# Budgies and cockatiels?



## SianChloe (Feb 14, 2014)

Sorry for yet another post.
We bought a new cage for the budgie in preparation for buying him another budgie. We initially wanted to get a female budgie as he was mounting everything - however since he has been in the new, much larger cage he is a lot calmer and not humping things. We also have removed everything metallic because we didn't realise he could see his reflection and it turns out that was one of the things driving him wild.
Someone has suggested that rather than a budgie we buy a cockatiel for him. The cage we bought has one cage on top of another but the cages are seperate, the birds would get play time everyday together though. Even if we got another budgie they would be in seperate cages and playing together because when we've looked after other budgies Dickie has been very affectionate and happy with them but makes it very clear when he wants to retreat to be on his own.
Does anyone have experiences of keeping cockatiels and budgies together? do they get on? and do they provide company for each other?


----------



## poohdog (May 16, 2010)

*It's a lot down to individual birds,but these two species are often kept together with no problems as in this public aviary.Introduced birds should be watched though as a cockatiel can cripple a budgie very quickly. *


----------



## ALcatrazbirdman (Feb 27, 2014)

poohdog said:


> *It's a lot down to individual birds,but these two species are often kept together with no problems as in this public aviary.Introduced birds should be watched though as a cockatiel can cripple a budgie very quickly. *


HI in my own experience over a number of years, i have found that keeping other birds with budgies can be risky,tiels ,although larger are generally placid,budgies on the other hand can be very spitefull.However in a large aviary ,given space this could be less of an issue.Certainly would not keep finches ,canaries with budgies, as they are likely to have their legs bitten off.The only hookbill ive ever found placid enough to go in mixed flight is Bourkes parrakeets.Hope this may help, im sure you will get further advice in due course.:thumbsup:


----------



## SianChloe (Feb 14, 2014)

They would never be left alone together, they'd have separate cages and supervised time out together if they got on.
I've been reading about budgies being defensive and aggressive but I think Dickie would be okay, he's been known to allow other male budgies to walk into his cage as steal food of him without becoming defensive - he just came flying over to us for help 
He likes the finch too - they've never been out together but when he's out he sits next to the finch cage and the finch comes over to him and they sit and chirp to each other.
I know it's really just down to trying it and seeing how they get on - but I'm hoping the fact that he's really laid back with other birds is a good sign.


----------



## Guest (Feb 28, 2014)

Budgies are social birds and while they can be kept on their own its not very kind. 

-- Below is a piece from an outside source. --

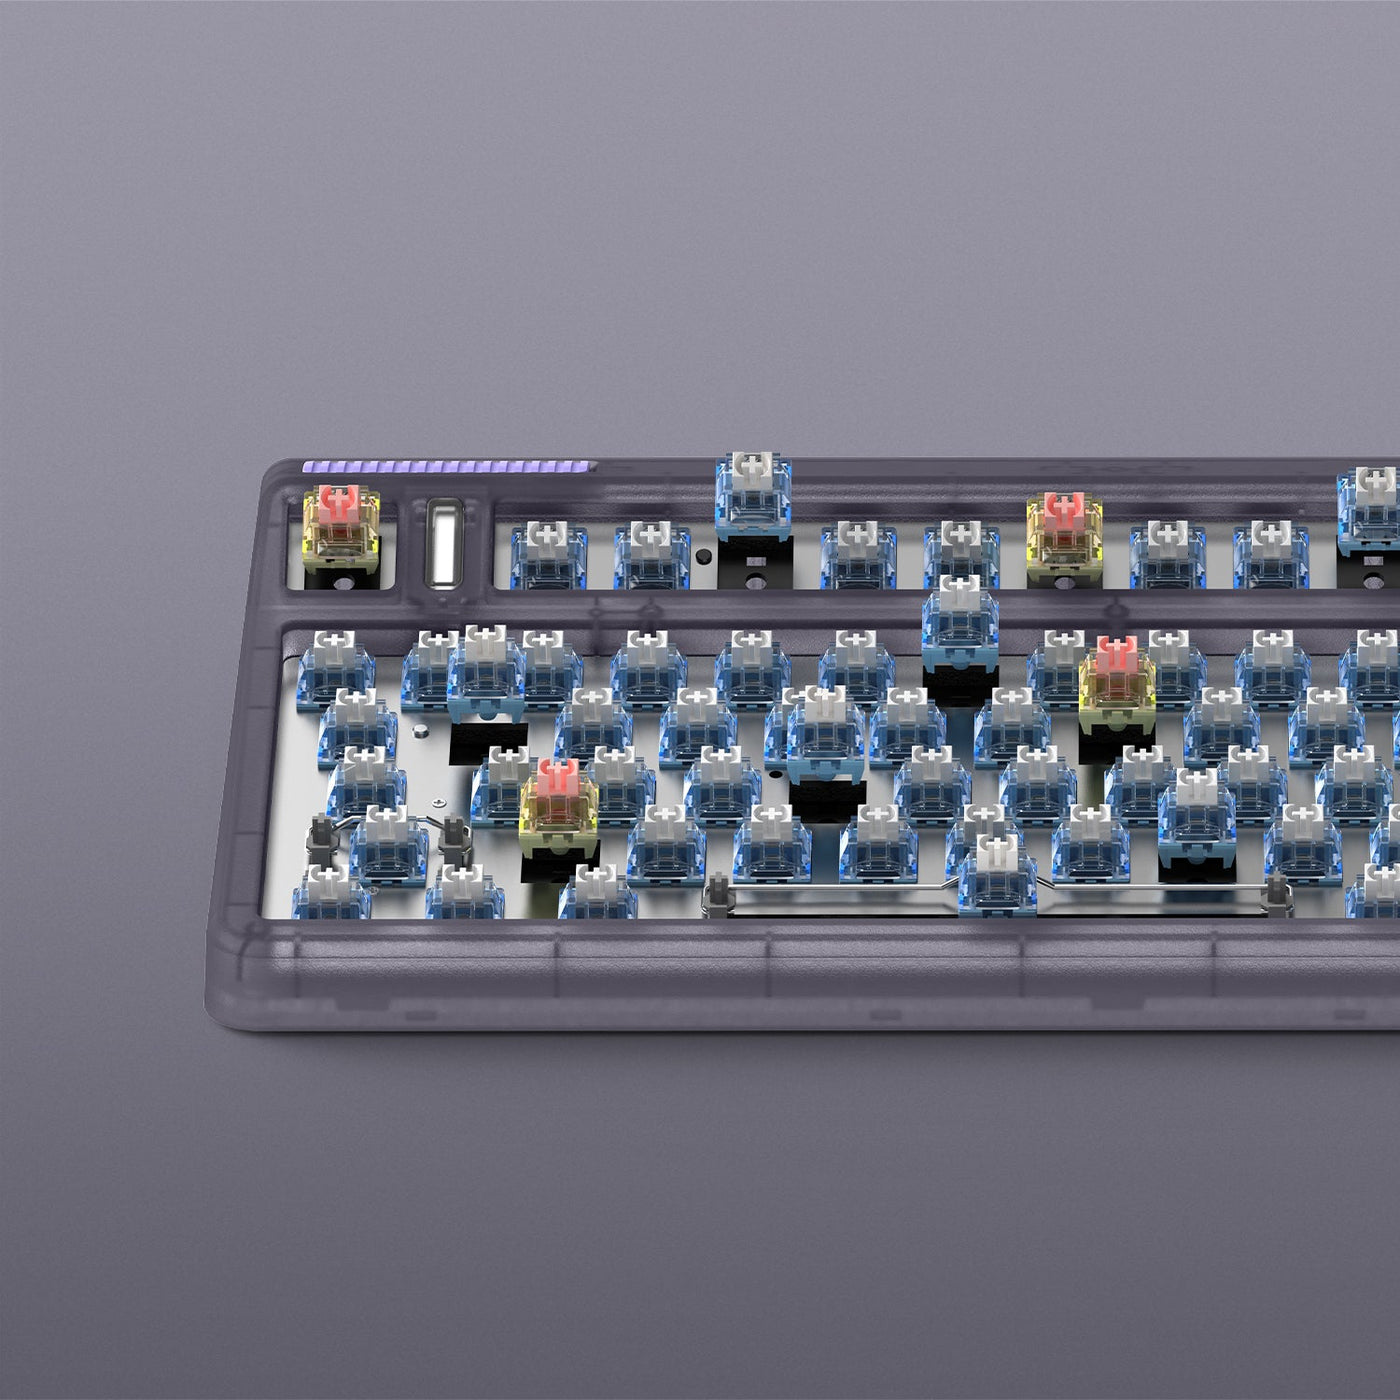 IQUNIX F97 Lavandin Wireless Mechanical Keyboard
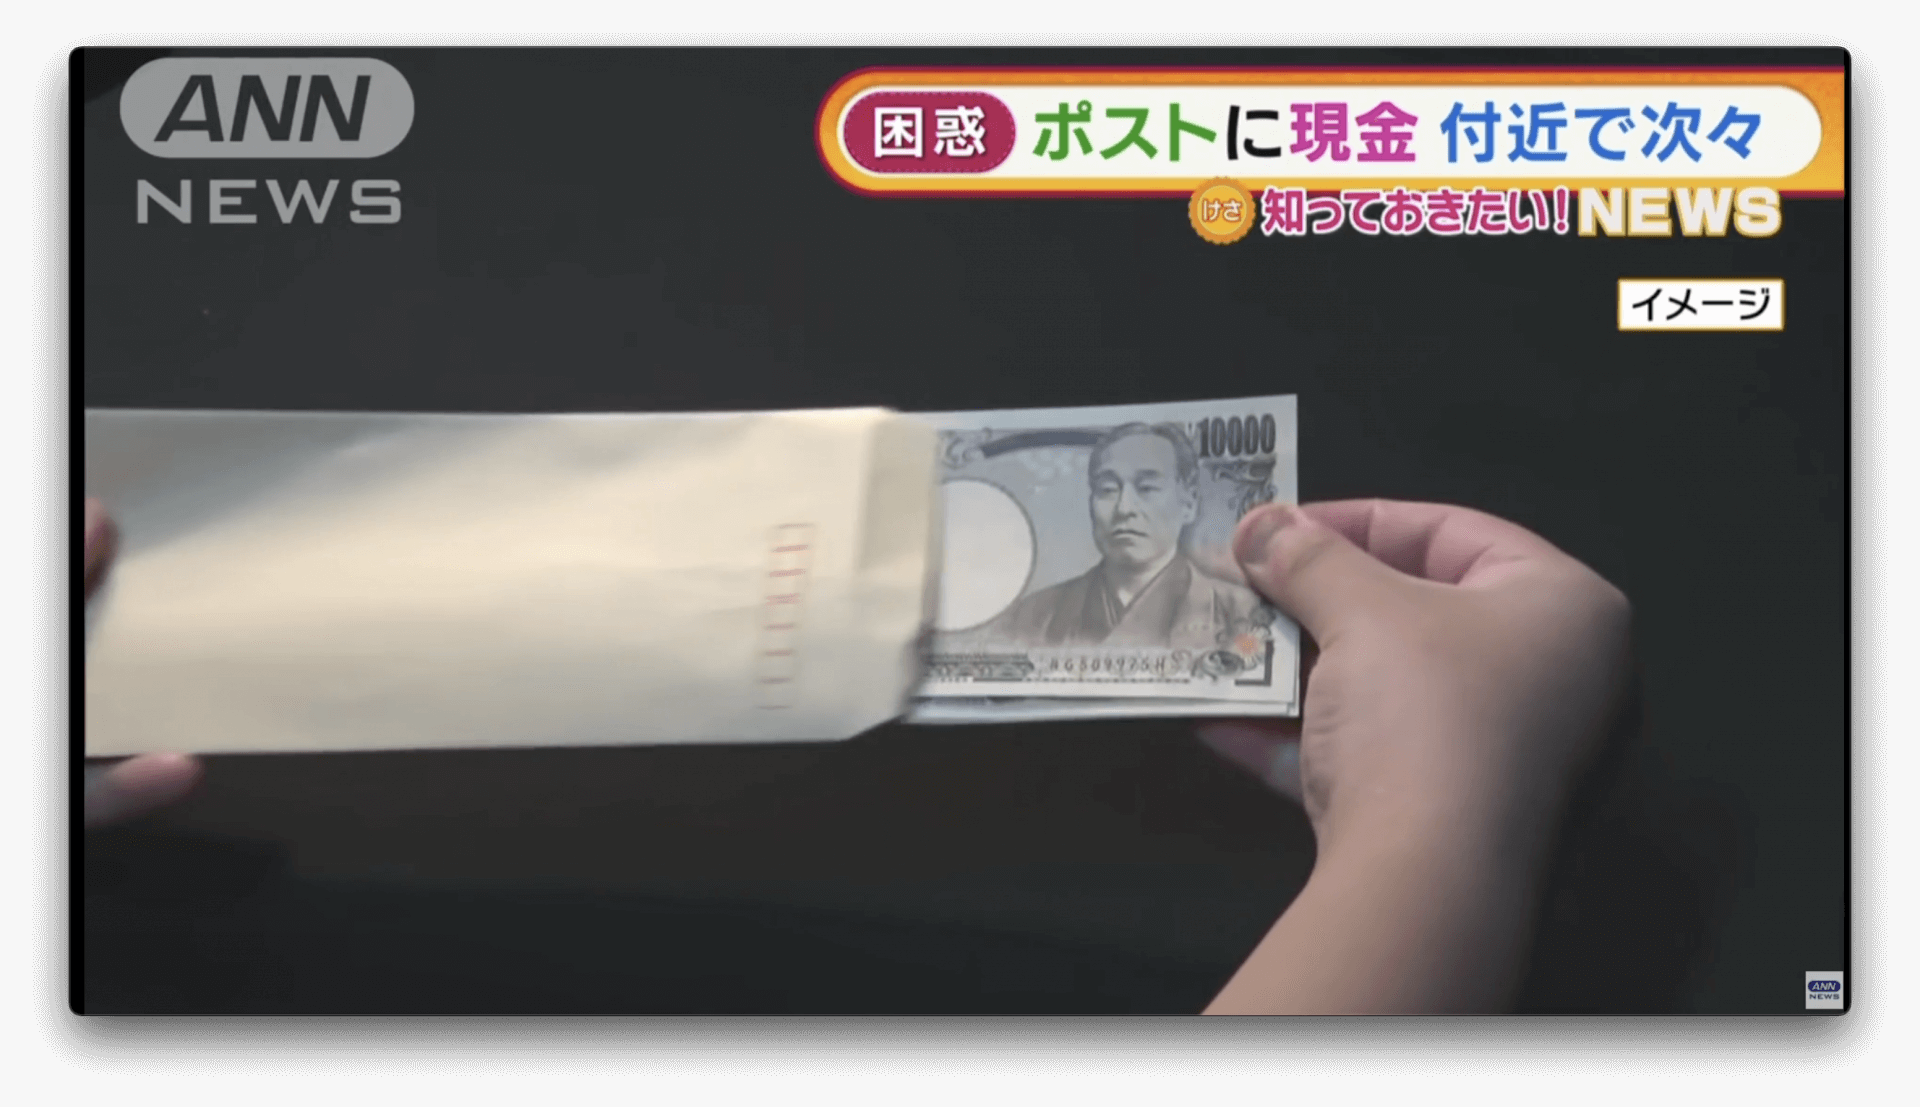 “Dinheiro misterioso” é recebido pelo correio no Japão

If you add just one bird you could risk your boy bullying them and feather pecking from stress.

You should add maybe 2 or three I certainly would advise against adding a different more docile species to a caged environment were the resident could be the more aggresive one. Adding 1 cockatiel could be a success but could also be asking for trouble too. 


Cockatiels are not cheap either and the males can sometimes be aggresive themselves. Cockatiels also tend to be noisey too a sound which your neighbours may not appreciate. They are easy to keep and afforadble as well as hardy.


----------